I had only one skeet practice shell; but I knew that at their distance one shot to the chest would take out one intruder, thus evening the odds. Things never went that far. Sliding a shell and then pumping it into the chamber is an ominous sound. Once they heard it, they sped off.
The point to all of this is that a really great Christmas gift is a teaching tool. When I was a preteen, there were three brothers who tormented me daily on the hour-long school bus ride to and from school. As a fat kid, I was an easy target, who sometimes took more than just verbal abuse. But the thought of packing my .22 on the bus was beyond comprehension. That so many kids today can get a hold of a rifle or handgun and have had terrible parenting, often because their father is AWOL, is a recipe for America’s gun violence.
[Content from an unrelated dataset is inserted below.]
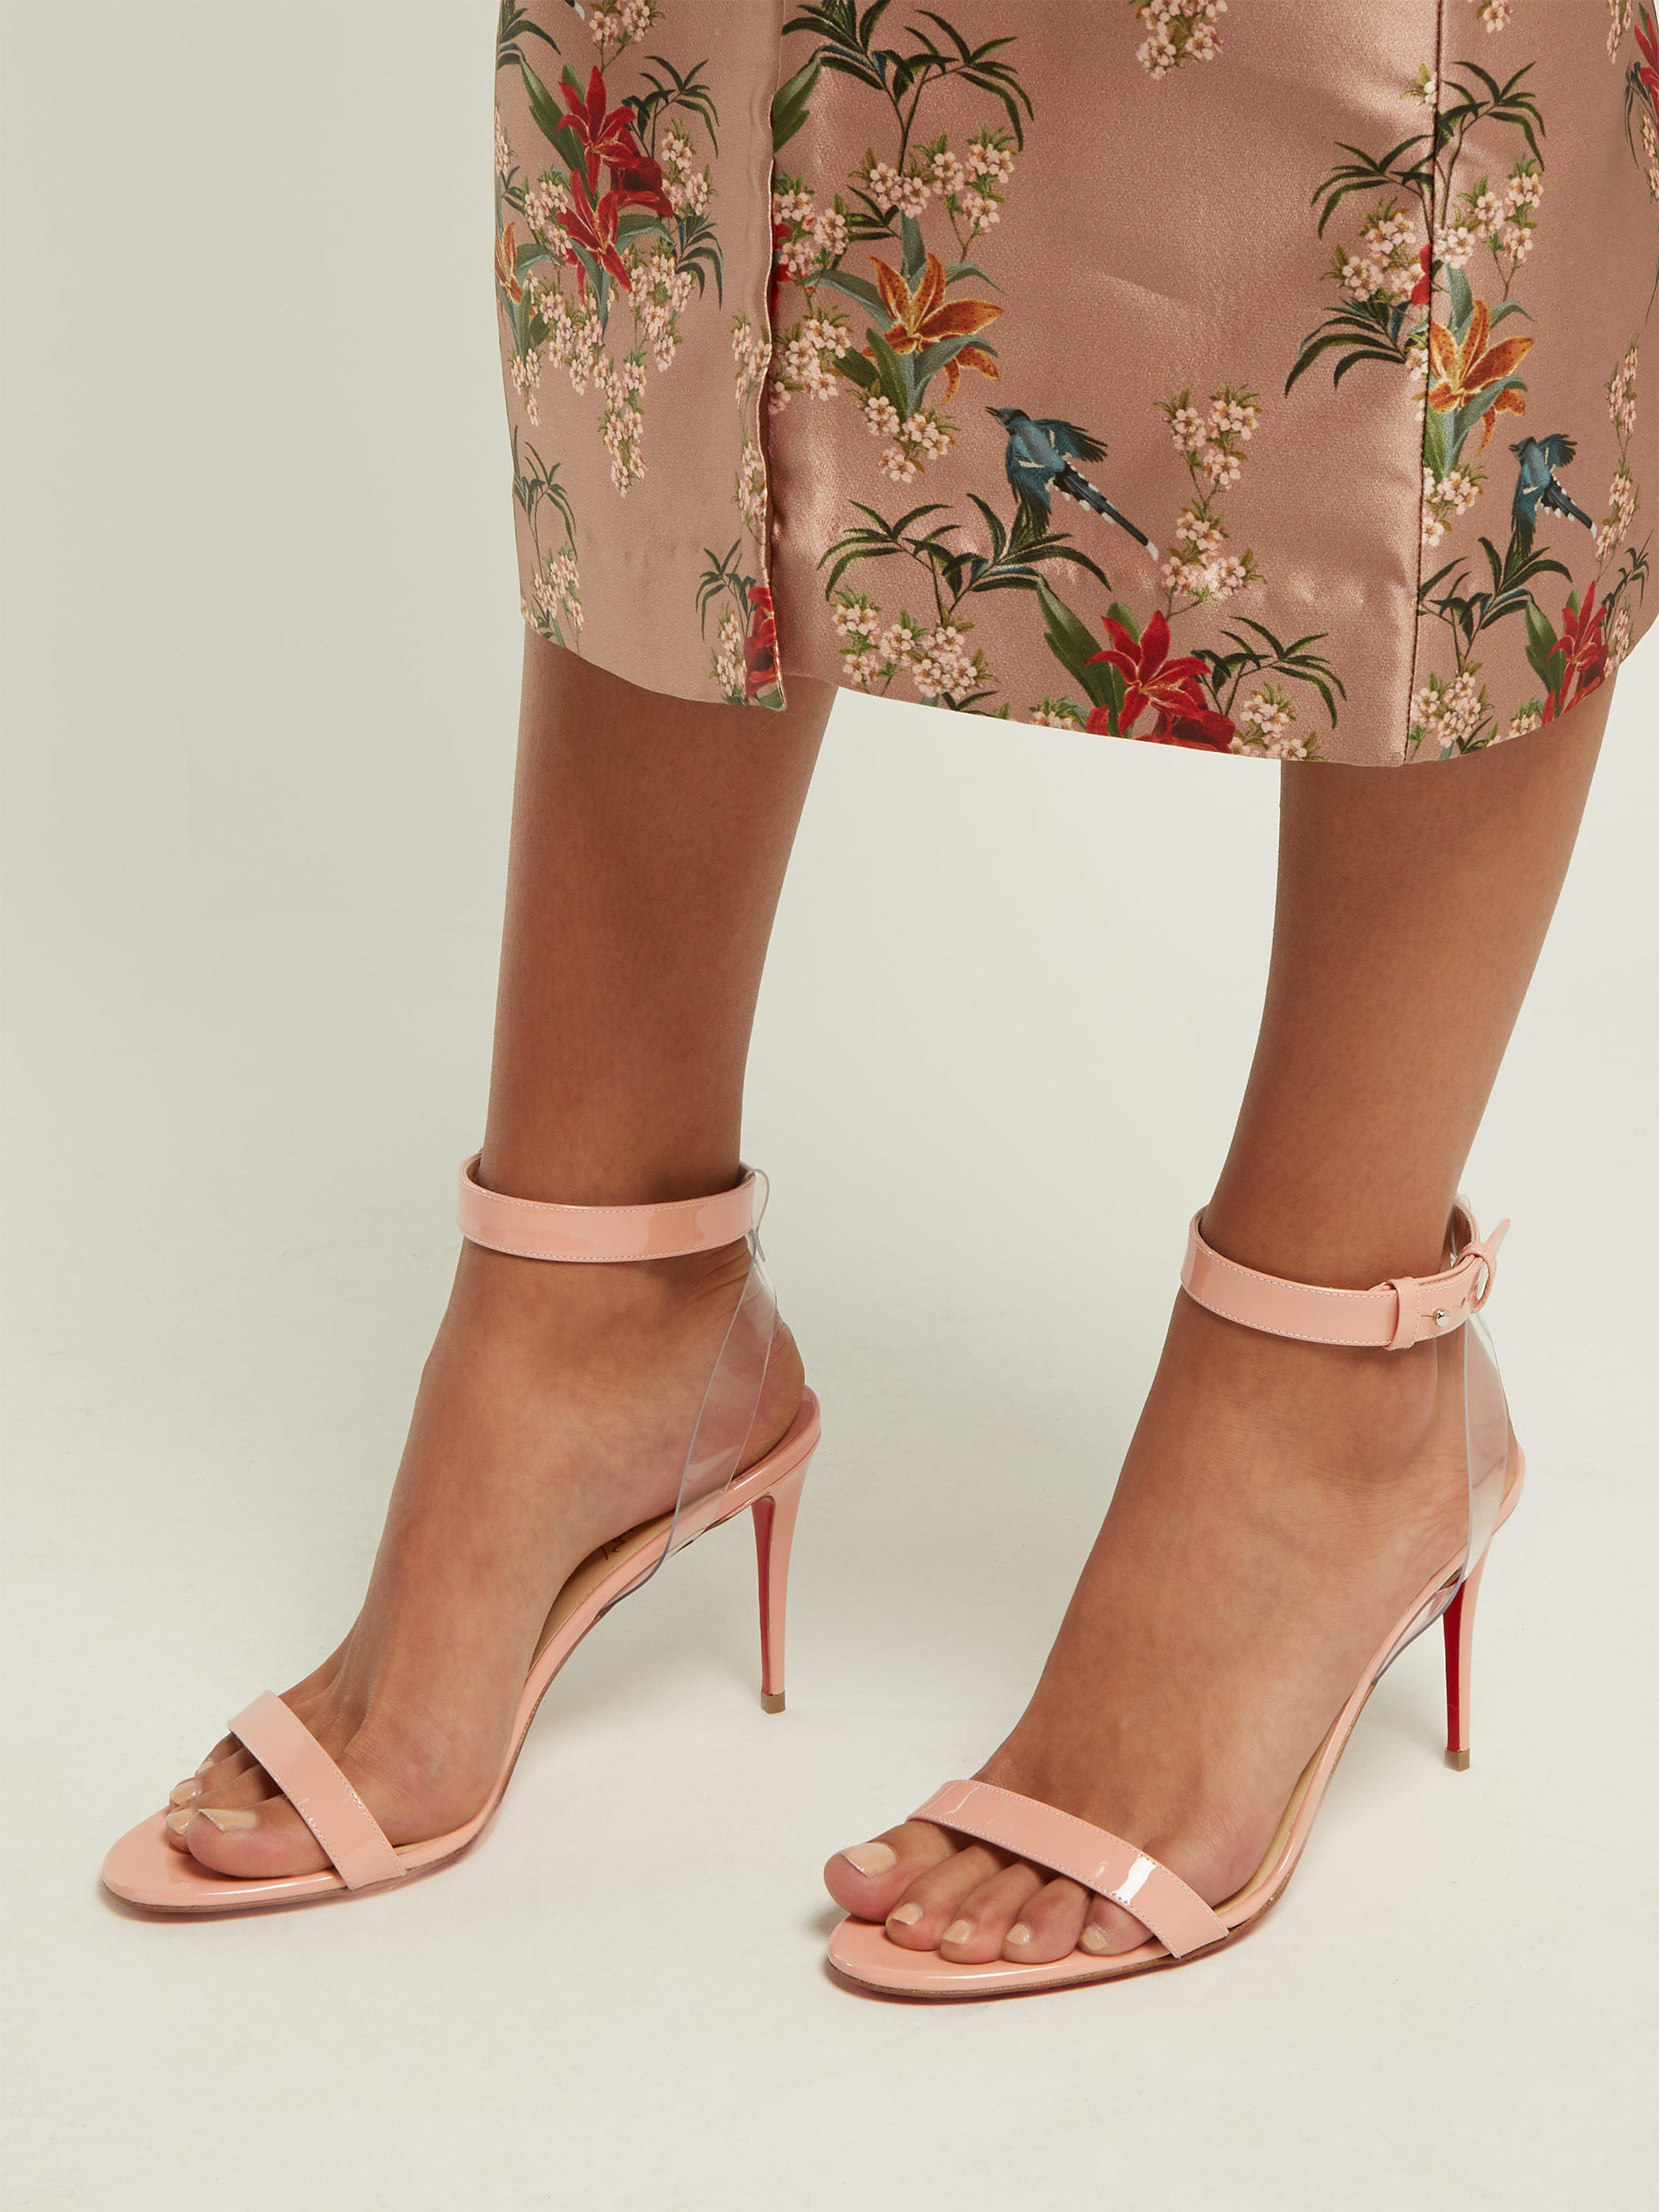 871bef9270ee Christian Louboutin - Pink Jonatina 85 Patent Leather Sandals - Lyst. View  fullscreen

My family was lucky in that we lived on a small farm that gave us ample room to shoot firearms. But we were also lucky in the parents we had. They had scraped through the Great Depression, and both believed their children needed an understanding of money. My dad was born to a homestead where rifles and a steady eye could be used as a tool to pack home deer meat that might help them survive a long winter.
I know it is harder to be a parent today. But I also know that with a bit of money and substantial time invested, children can be taught to be responsible with firearms, which should be carefully chosen for their age and abilities.
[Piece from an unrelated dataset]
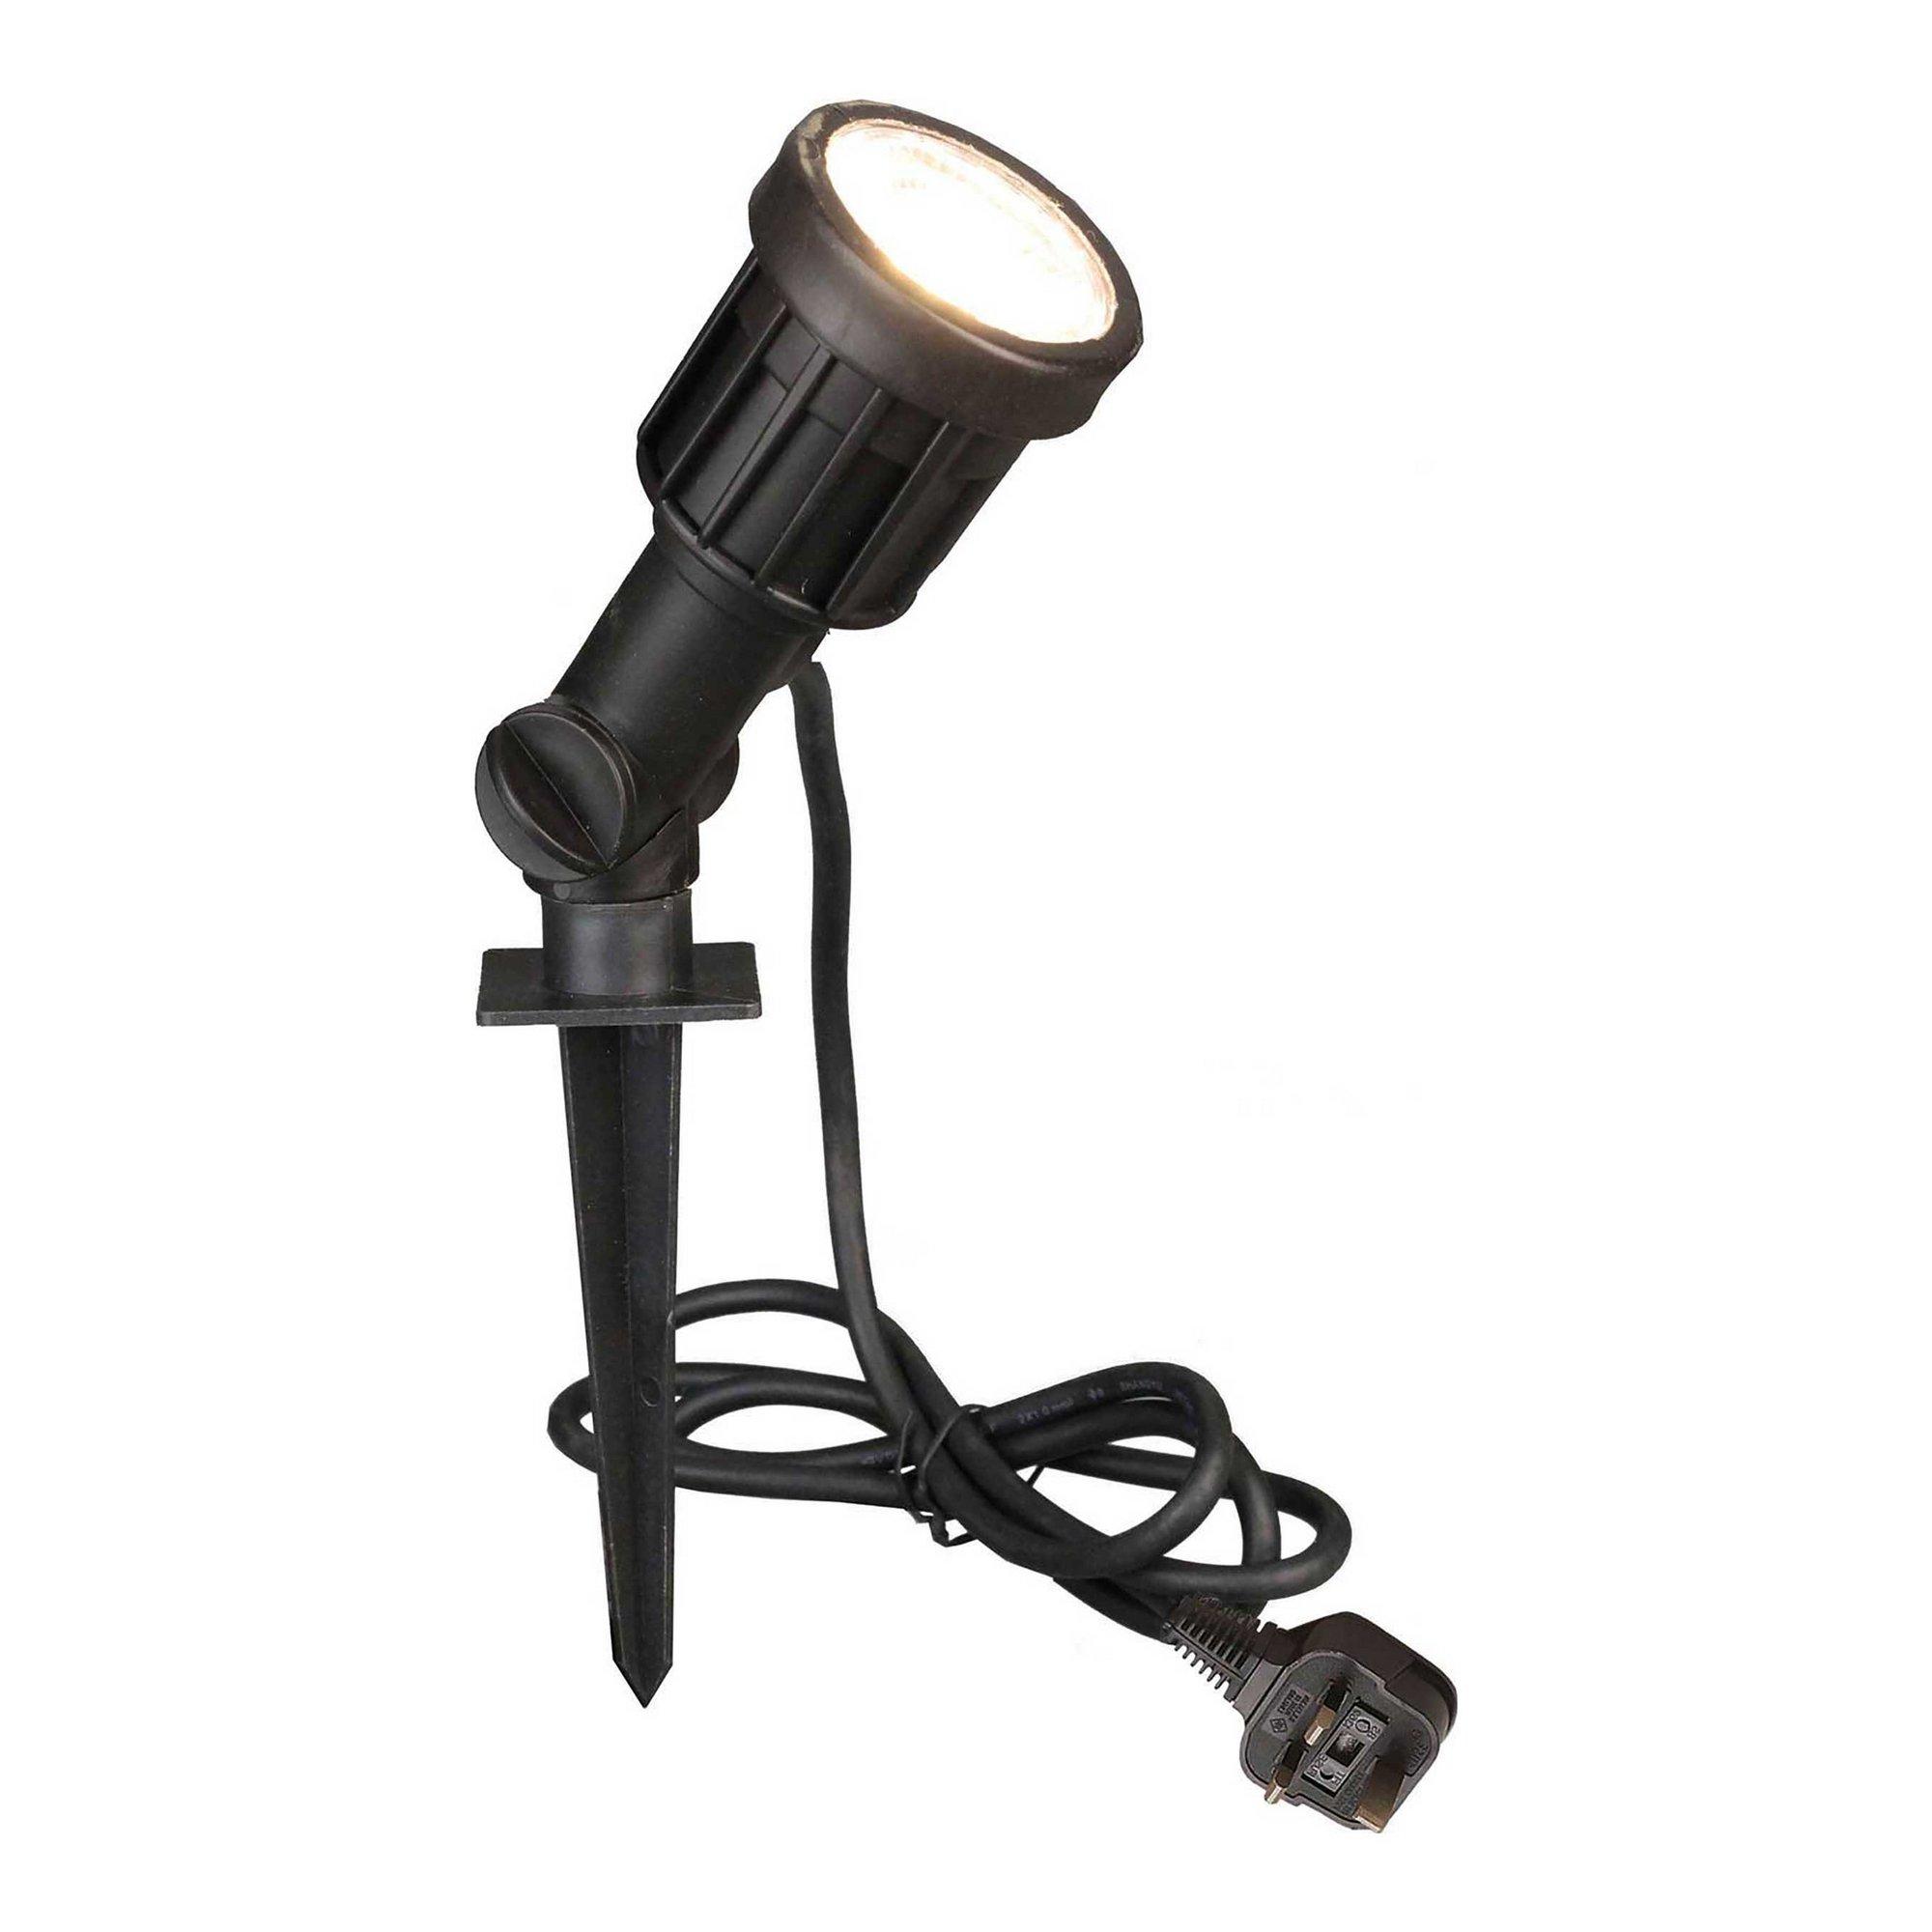 Image of 230v Mini Dominica Spot Light

You can get your child started in investing with a 1-ounce American Silver Eagle coin that can be bought for under $20. This could be the seed of a savings account that is more tangible than reading a bank statement off of a cellphone.
The Internet, its games and devices, and its openness to the seedy side of society have taken youths by storm. It may be that with firearms and the right instruction, the Founding Fathers may have been square on with the 2nd Amendment: the right to keep and bear arms.
After having raised three responsible children and having had good parents myself, I can say this: Any forgettable present given to a child is no present at all.